Abstract: Sustainable energy storage and functionalized natural materials play essential roles in our everyday life. Using sustainable natural materials to develop multifunctional materials and advanced device for future technologies may reduce our dependence on petroleum and enable implantable device. Based on our research interests and expertise in manufacturing, materials from nature, energy storage, and paper electronics, our research goal is to explore sustainable energy storage and nature-enabled multifunctional materials. Meanwhile, we are interested in applying the well-developed and high-speed roll-to-roll paper manufacturing, coating, printing techniques to the emerging advanced manufacturing process.
In the first part of this talk, I will introduce multifunctional materials derived from Nature for flexible electronics, functional aerogel, liquid marble, magnetic strips etc.

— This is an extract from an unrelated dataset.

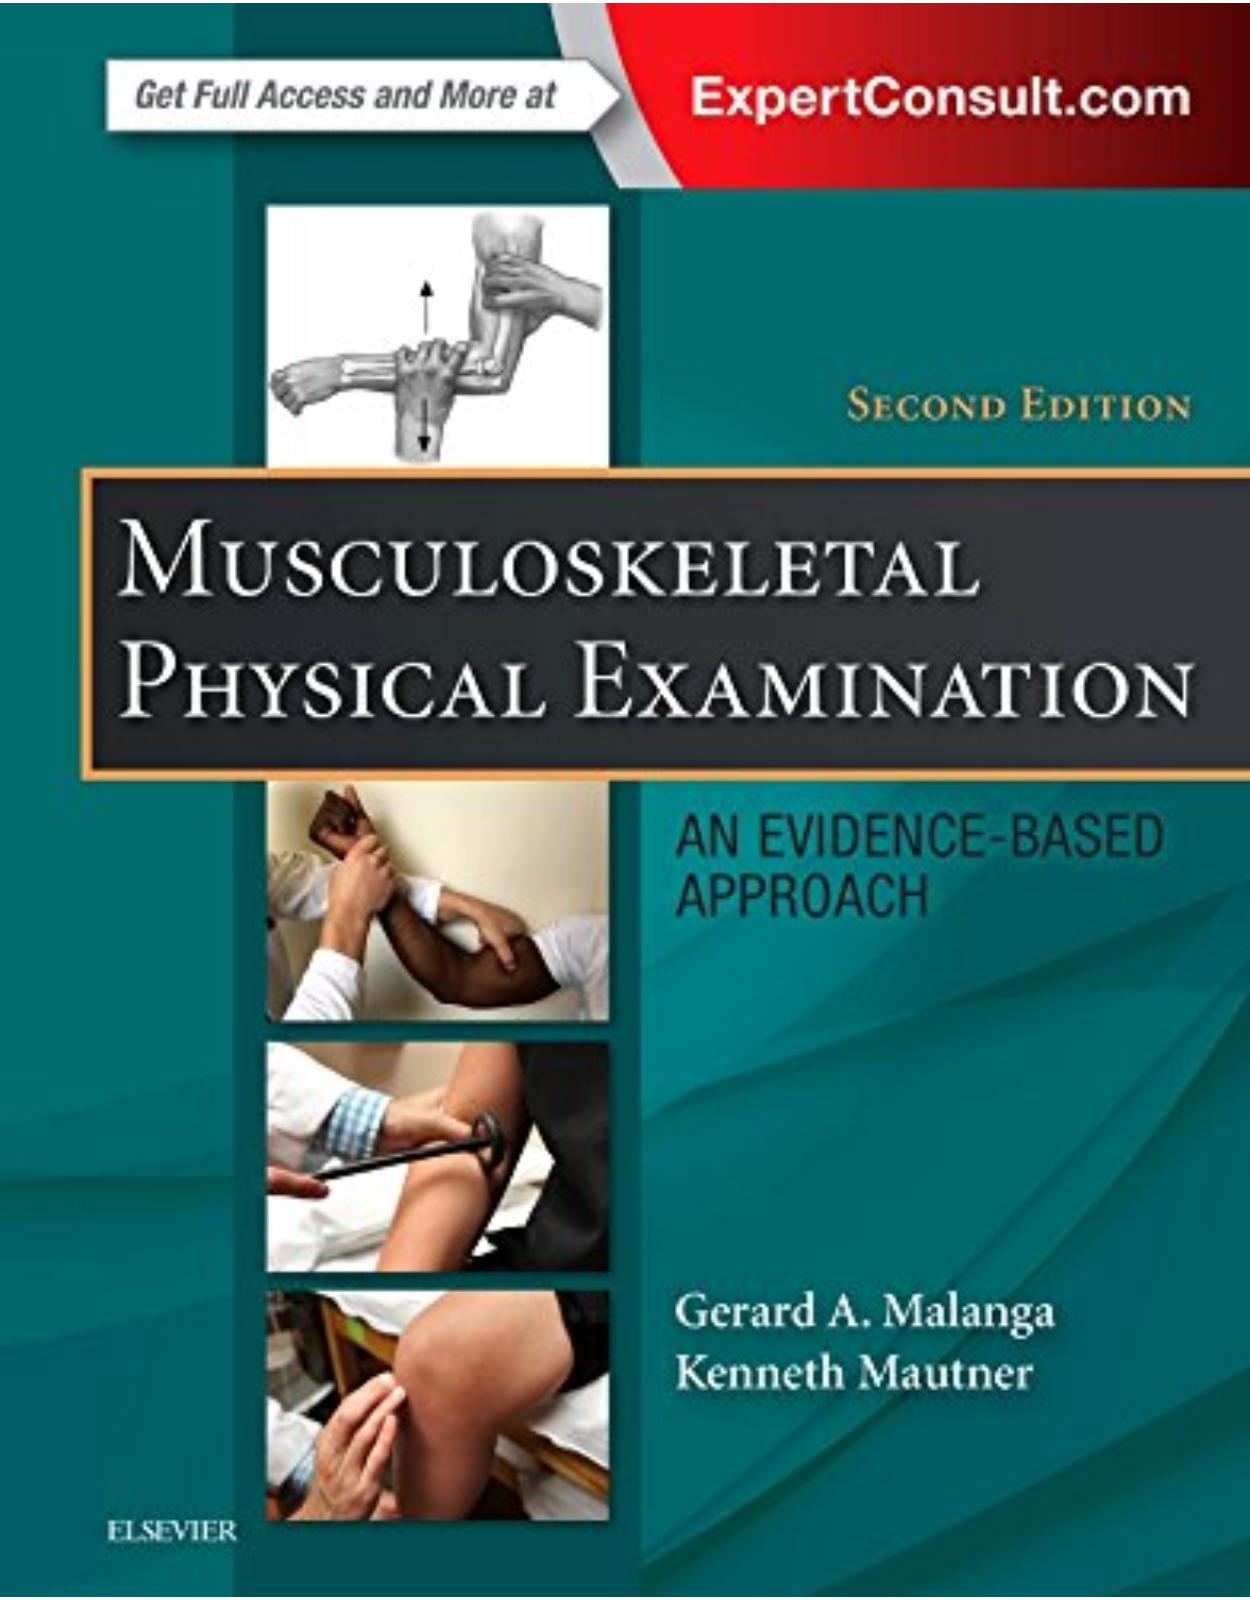 Musculoskeletal Physical Examination: An Evidence-Based Approach, 2e

Nanocellulose are steadily gaining research and commercial interest due to its feature of lightweight, cost efficient, renewable, and biocompatible. Nanopaper made from cellulose nanofiber possesses interesting optical property, mechanical strength, and flexibility enabling many types of printing electronics that were not previously possible using regular paper or plastic substrates. Additionally, the transition from rigid glass to flexible paper substrates enables the creation of flexible, transparent devices that can be produced quickly using established roll-to-roll manufacturing methods.

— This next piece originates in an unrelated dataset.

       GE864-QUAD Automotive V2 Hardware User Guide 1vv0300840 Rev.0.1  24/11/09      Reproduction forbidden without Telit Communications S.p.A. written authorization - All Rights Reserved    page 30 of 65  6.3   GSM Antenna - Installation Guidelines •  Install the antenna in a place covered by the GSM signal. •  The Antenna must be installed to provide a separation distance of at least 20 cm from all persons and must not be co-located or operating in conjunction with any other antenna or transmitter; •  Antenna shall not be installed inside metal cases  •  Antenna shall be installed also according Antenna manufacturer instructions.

The rapid growth of renewable energy sources such as wind and solar energy can supply a significant amount of electricity all over the world, but their inherent intermittency and fluctuating nature is one of the essential barriers to utilize this enormous amount of electricity available from renewable sources. This intermittent nature of renewable sources led to an emerging need for efficient, cost-effective, and sustainable grid storage technologies. Meanwhile, with the demanding of EVs, it is urgent to develop safe and high-performance energy storage. In the second part of this talk, I will introduce our works on flow batteries, all-solid-state batteries, and metallic lithium metal anode.

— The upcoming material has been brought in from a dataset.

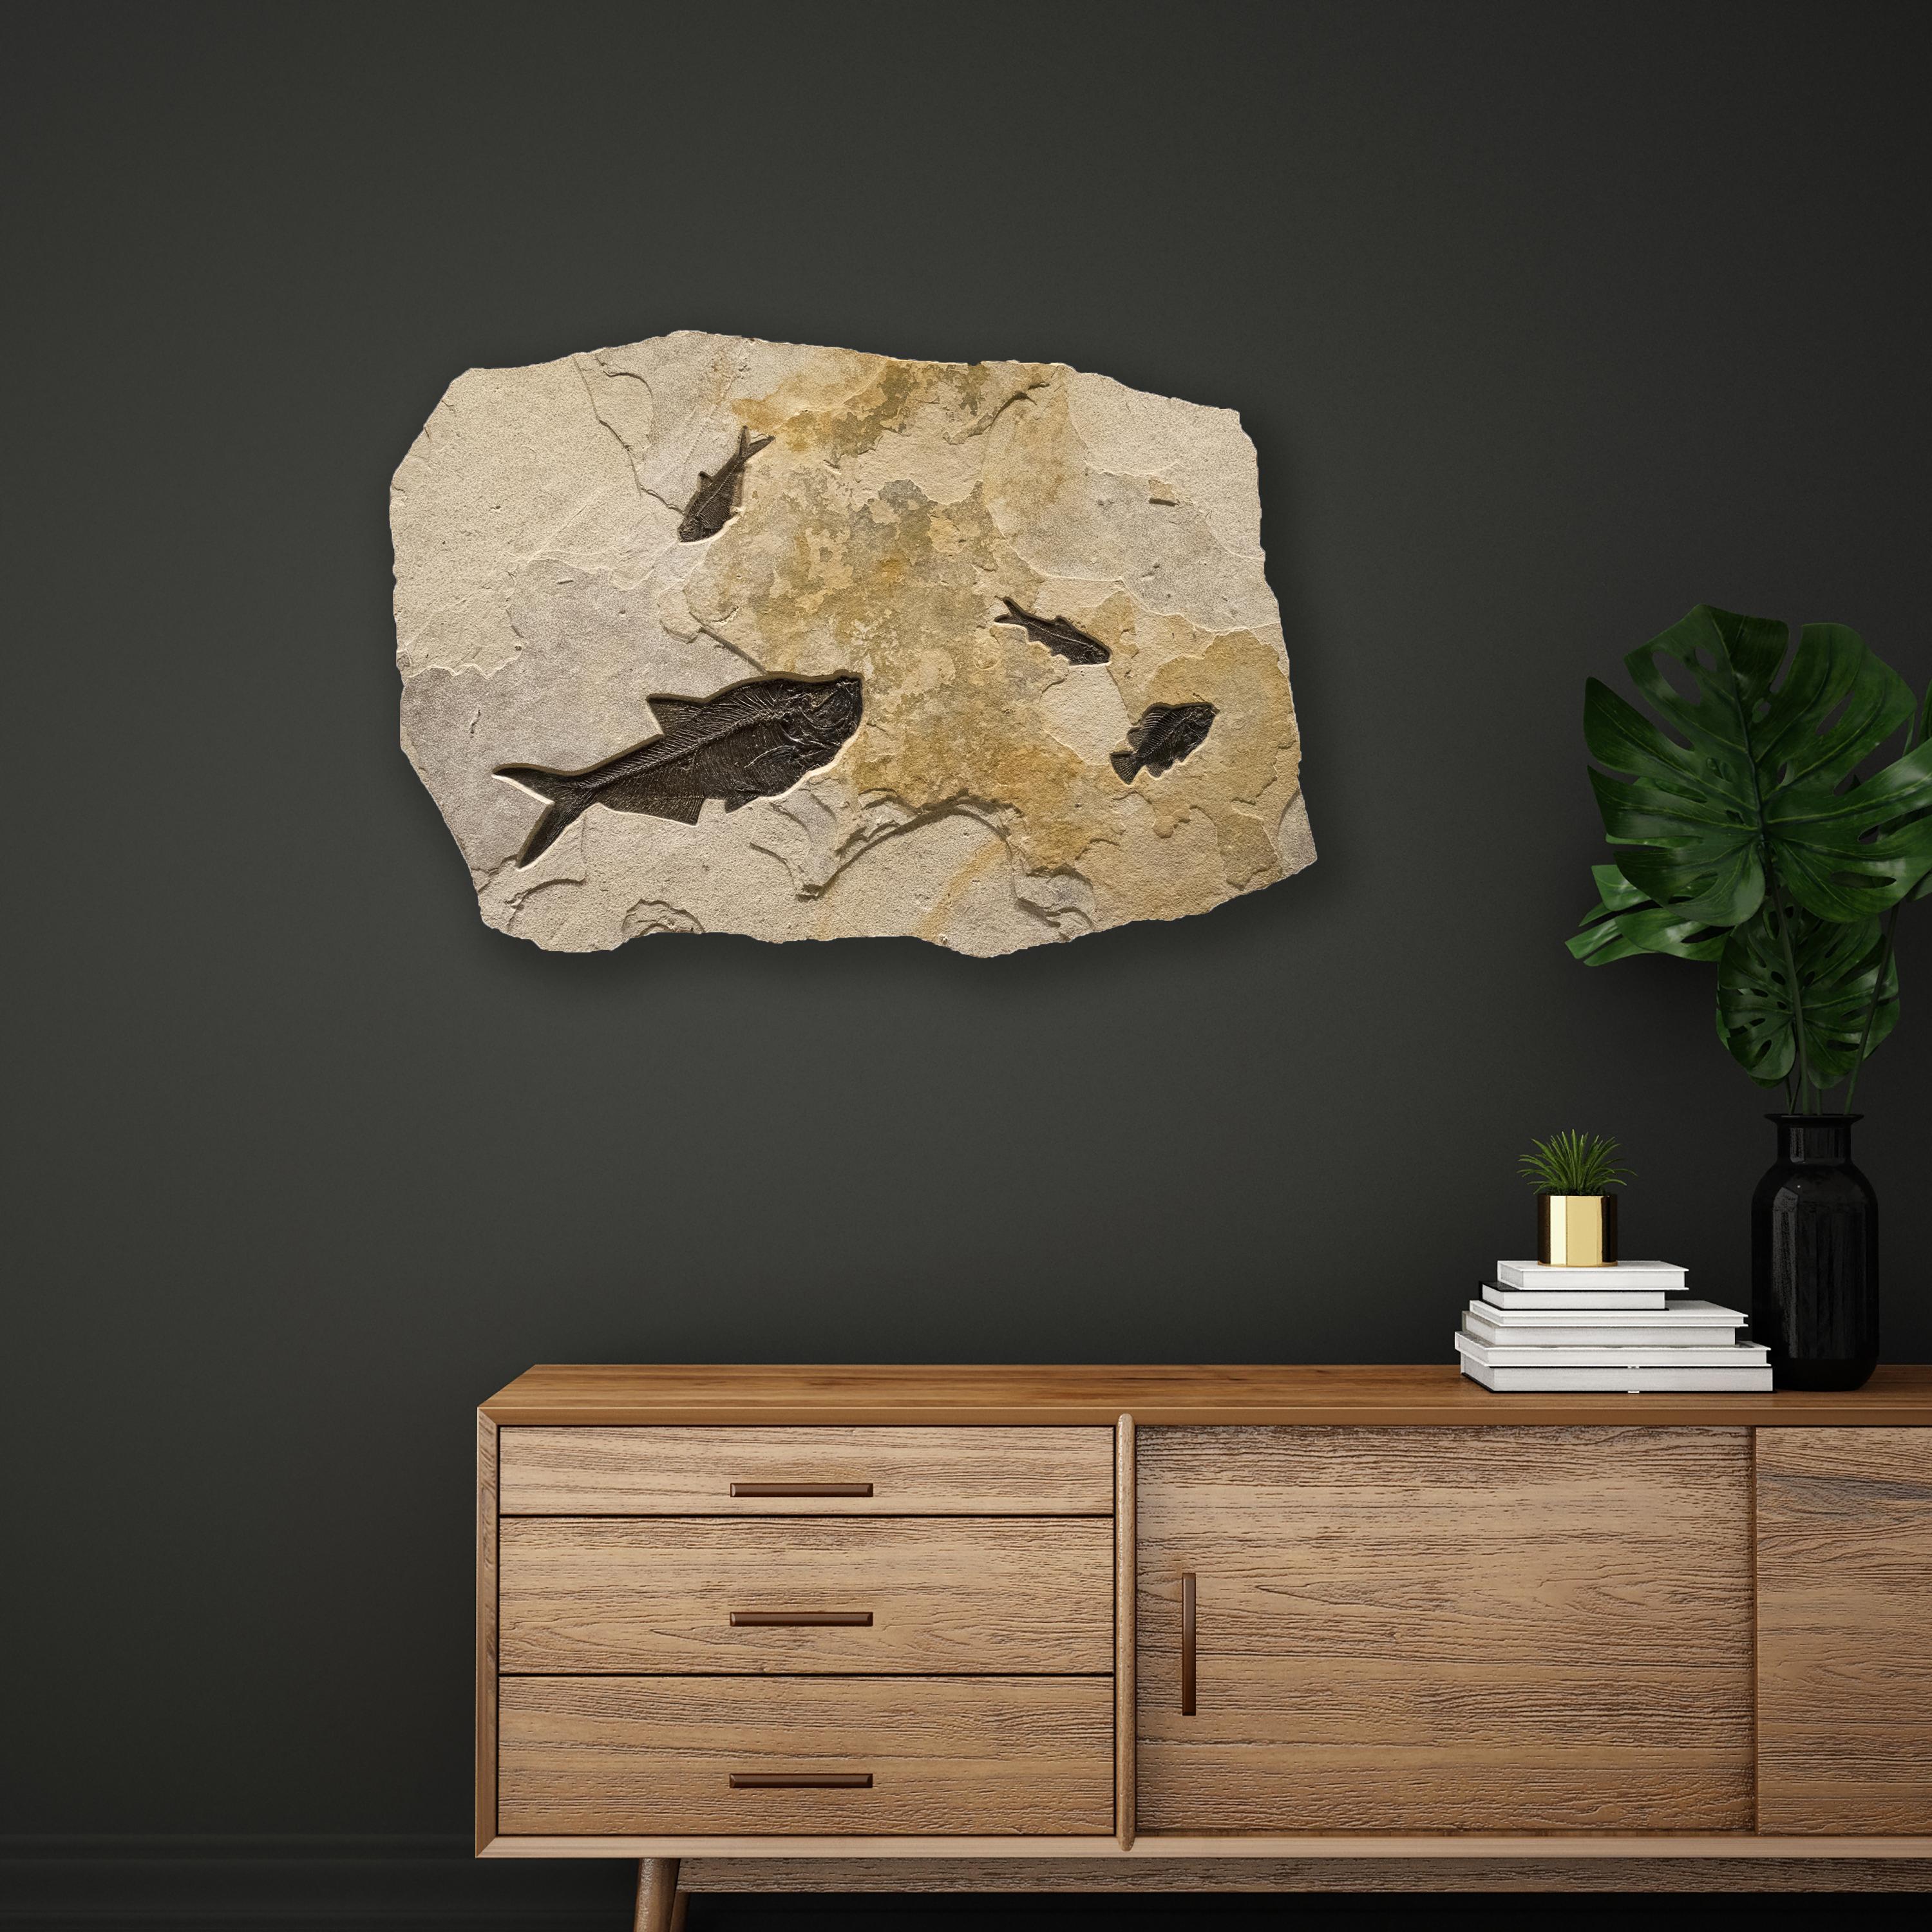 This elegant irregularly shaped fossil mural features two Diplomystus dentatus, a Cockerellites liops (formerly known as Priscacara), and a Knightia eocaena, all of which are Eocene era fossils dating back about 50 million years. These ancient fish

Bio Hongli (Julie) Zhu is currently an assistant professor at Northeastern University. Her group focuses on the research of electrochemical energy storage, biomass-derived multifunctional materials, and emerging advanced manufacturing technologies. From 2012-2015, She works in the University of Maryland as postdoc, focusing on the research of flexible nanopaper electronics and energy storage. From 2009 to 2011, She conducted research on materials science and processing of biodegradable and renewable biomaterials from natural wood in the KTH Royal Institute of Technology in Sweden. Her expertise is on the research of environmentally friendly natural materials and energy storage, design and application of novel transparent nanostructured paper for flexible electronics, and R2R manufacturing. In energy storage, her group in Northeastern University works intensively on flow batteries, all-solid-state batteries, and alkali metal ion batteries, such as Li+, Na+, K+ batteries.